Earlier this month I was reminded of a lovely maths puzzle – one which I often see shared by recreational mathematicians and maths teachers, to test people’s logical thinking. The puzzle is as follows:

What’s the next number in this sequence?

1 11 21 1211 111221 …

If you’d like some time to go away and think about it, take time now.

Before I go into the answer, I’d like to share the historical origins of this sequence. First introduced and analysed by mathematician John Conway, the sequence connects to important applications in computer encoding, and has teased the brains of countless mathematicians around the world since he first wrote about it in the Archimedeans’ Eureka Magazine back in 1986.

Have you figured it out yet? If not, it may help you to know that this sequence is known as the ‘Look and Say’ sequence – if you read out each number, as a series of digits rather than a word, it might jump out at you.

The Answer

The terms in the sequence each describe the previous term in the sequence – if you say them out loud. The first term, 1, initialises the sequence; then the next term, ‘one one’ (11), describes that, since it consists of one ‘one’. The next term is ‘two ones’ (21), then ‘one two, one one’ (1211), and so on.

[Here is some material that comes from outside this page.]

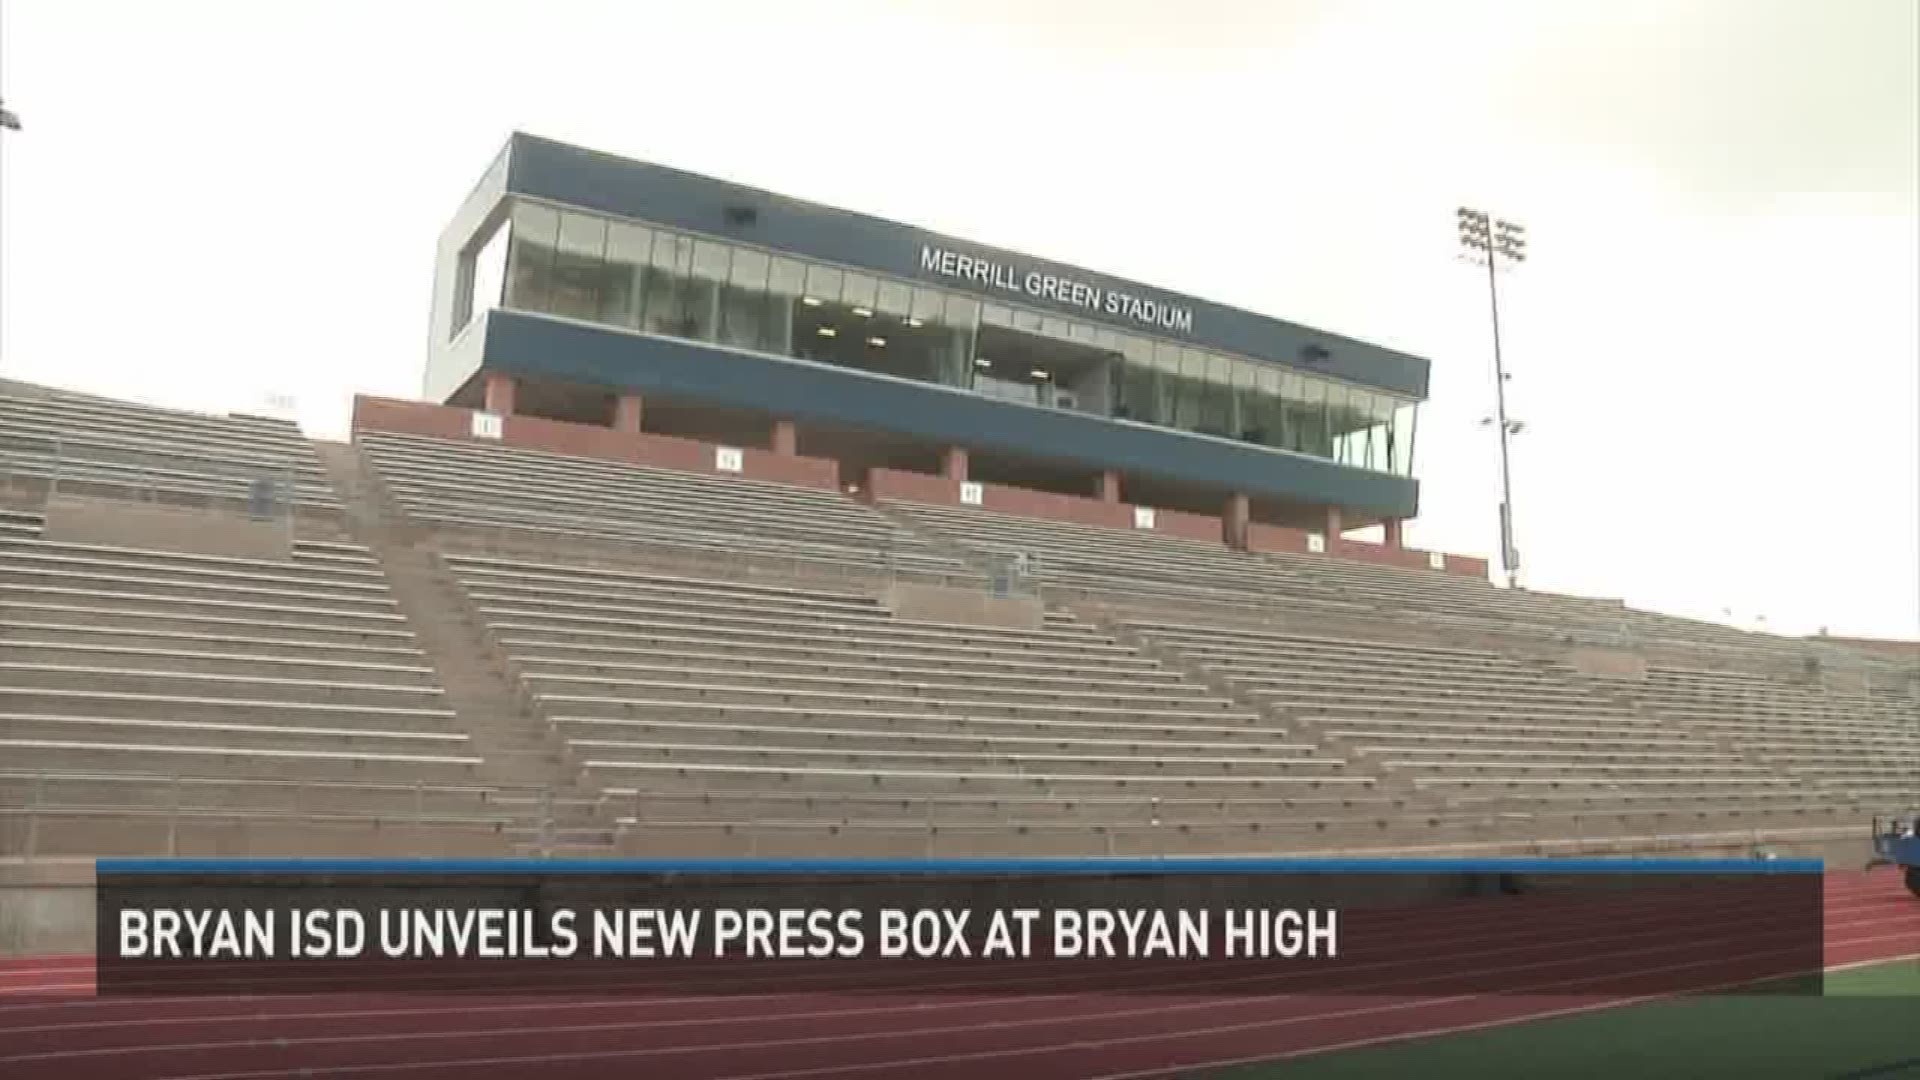 Bryan ISD held an open house to let the public see the new press box and Merrill Green Stadium.

The answer to my puzzle was therefore 312211 (‘three ones, two twos, one one’) and the sequence can be continued similarly. You may have been struggling to find a more mathematical sequence, connected to the values of the numbers – and it could be argued this is less of a mathematical puzzle and more of a linguistic one.

If you’d like a more mathematical challenge, you could content yourself with trying to prove the fact that this sequence can never contain a number larger than a 3, and separately that no entry can never contain the sequence ‘333’.

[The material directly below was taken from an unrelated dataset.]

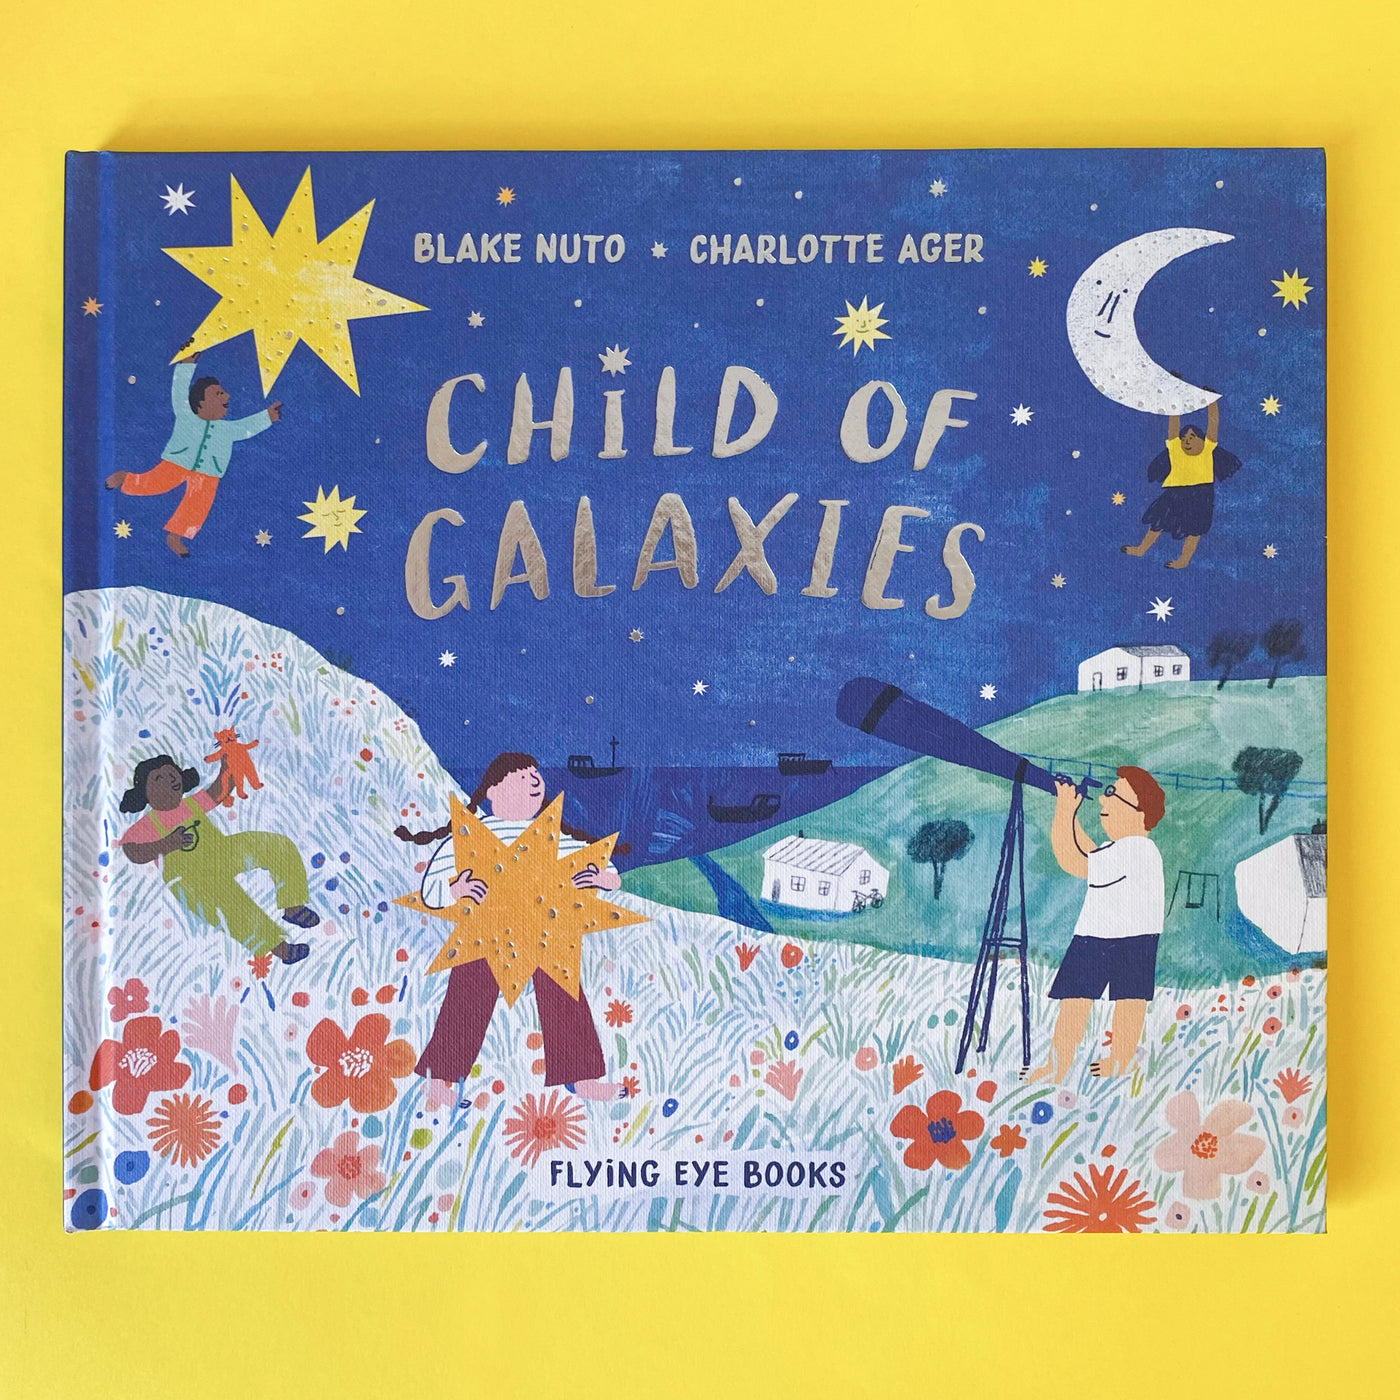 Child of Galaxies by Blake Nuto and Charlotte Ager

So it’s a fun mathematical curiosity. But is it mathematically important? As with so much of recreational maths, the answer is ‘maybe’! This sequence is related to a commonly used method in data compression and storage, called run-length encoding.

Efficient Use of Space

It’s often desirable to reduce the amount of computer memory needed to store a piece of information, and for certain data files, reducing their size can be achieved by simply describing what you see, just like in the sequence. For example, if my file consisted of 400 instances of the word ‘hello’, it would take significantly less storage to just store the words “400 instances of the word ‘hello’”; or even, “hello×400”. With pre-agreed conventions, data that contains any amount of repetition – sequences of the same digit, or chunks of data that occur more than once – can be compacted down, rather than writing out the whole thing in full.

Some version of this method has been used since as far back as the 1960s in transmission of TV signals and by fax machines, and has plenty of applications. Similar approaches can be applied to, for example, image files – rather than encoding the colour of every pixel of an image separately, it’s less information to just store the colours and location of regions of similar colour, and this is exploited well by the GIF and PNG image encoding formats.

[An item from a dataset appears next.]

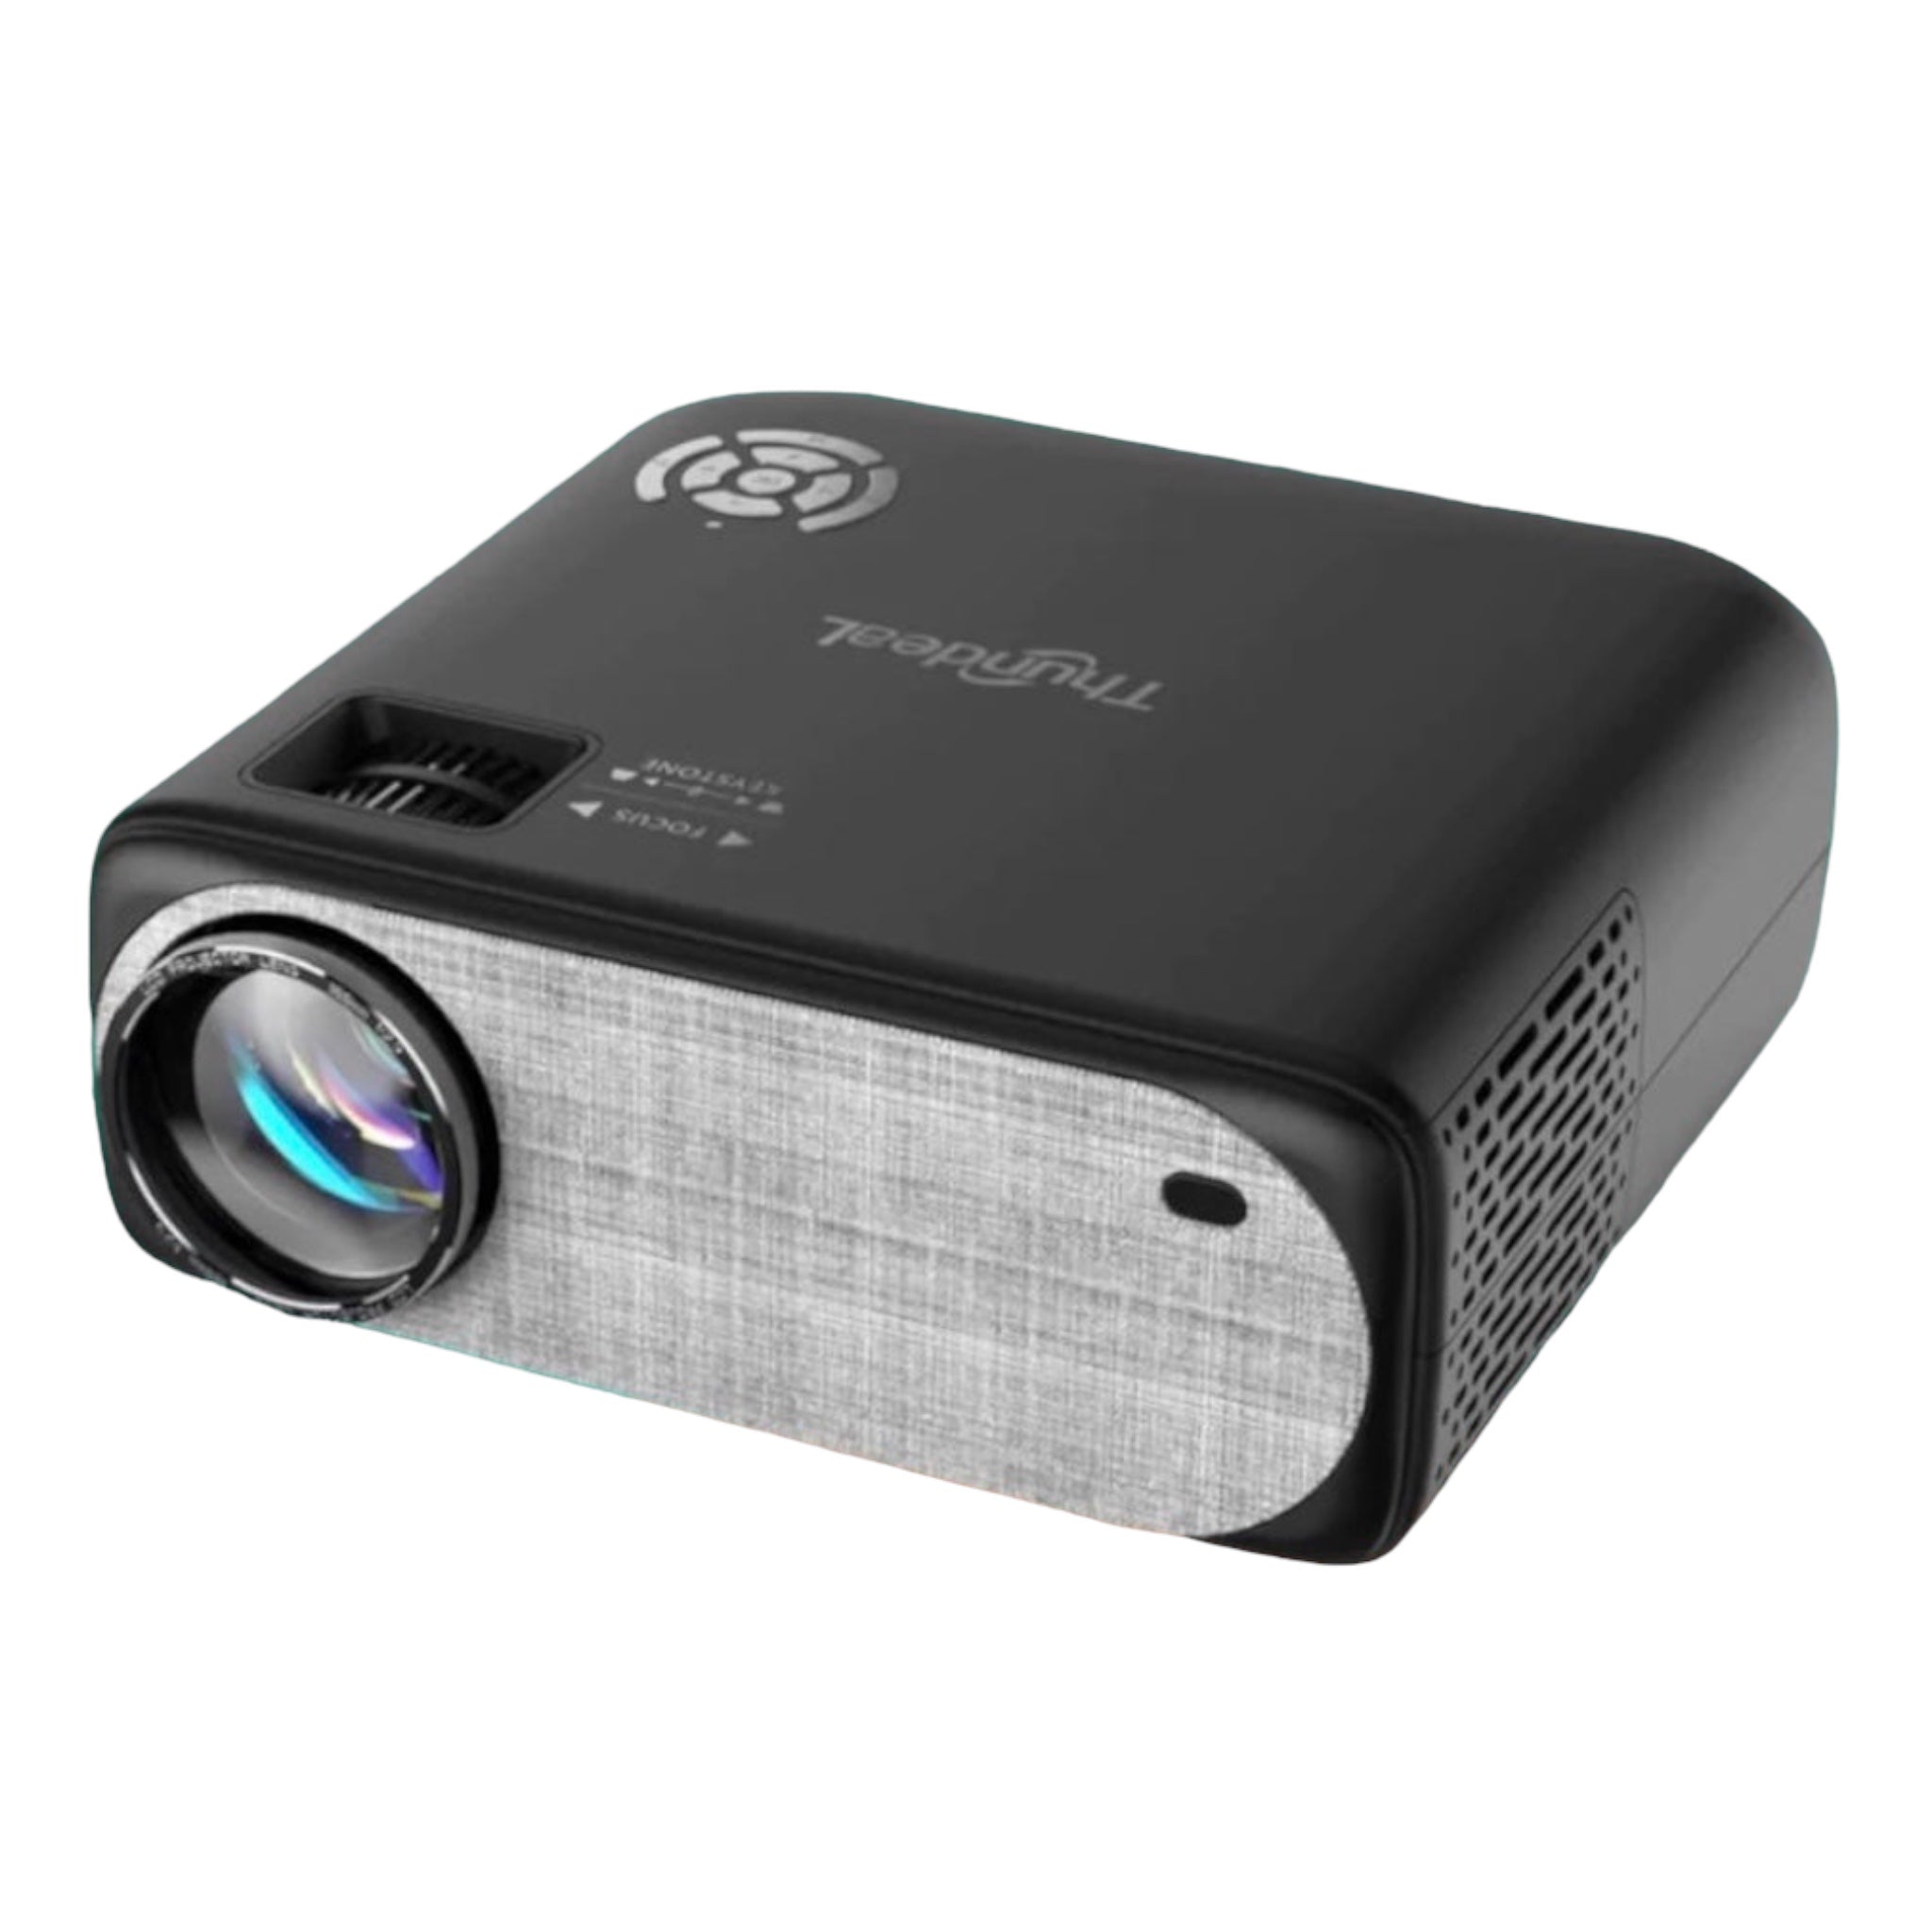 Prescribir Eficacia Ver internet ThundeaL 1080P Projector TD97 WiFi LED Full HD Projector Video Proyect

The amount of space you can save depends heavily on the complexity of the image – so, a GIF file of a simple black-and-white checkerboard would take up much less disk space than a full-colour photo with lots of detail, even if they both have the same size in pixels. This also illustrates that you have to be careful what you apply it to – some data sets actually get larger when run-length encoded!

This is also a very desirable way to compress information – since the original message can be restored in full, without any data loss, it’s called ‘lossless compression’. This is one of the main ‘holy grails’ of data compression – to be able to reduce file size without losing any information.

Conway’s Constant

Conway studied the ‘Look and Say’ sequence, considering the rate of growth of the length of a string and determining a constant \(\lambda = 1.303577269034\ldots\), known as Conway’s constant, which describes the average rate at which the length increases. The exact value of this constant is given by a polynomial of degree 71.

He also has a bit of fun in his column (p.5 onwards) applying ideas behind this simple sequence to a metaphorical set of ‘chemical elements’ by analogy with the atoms that make up the universe. He presents a ‘periodic table’ with a string of 1s, 2s and 3s assigned to each element, playing with how the elements combine and eventually reaching a ‘Cosmological Theorem’ about how such sequences are structured, with a plea for someone to help by finding a shorter proof of his result. From a simple idea to a metaphorical theory about the universe!

You might be wondering what it was that inspired me to tell you about this – actually, it was the exciting (for me) realisation that earlier this month we celebrated 1/11/21 – surely the perfect date to study a sequence that starts 1, 11, 21 (and the last time in a while we’ll be able to!) Thanks to maths teacher Chris Smith for sharing this lovely video and bringing this auspicious date to my attention.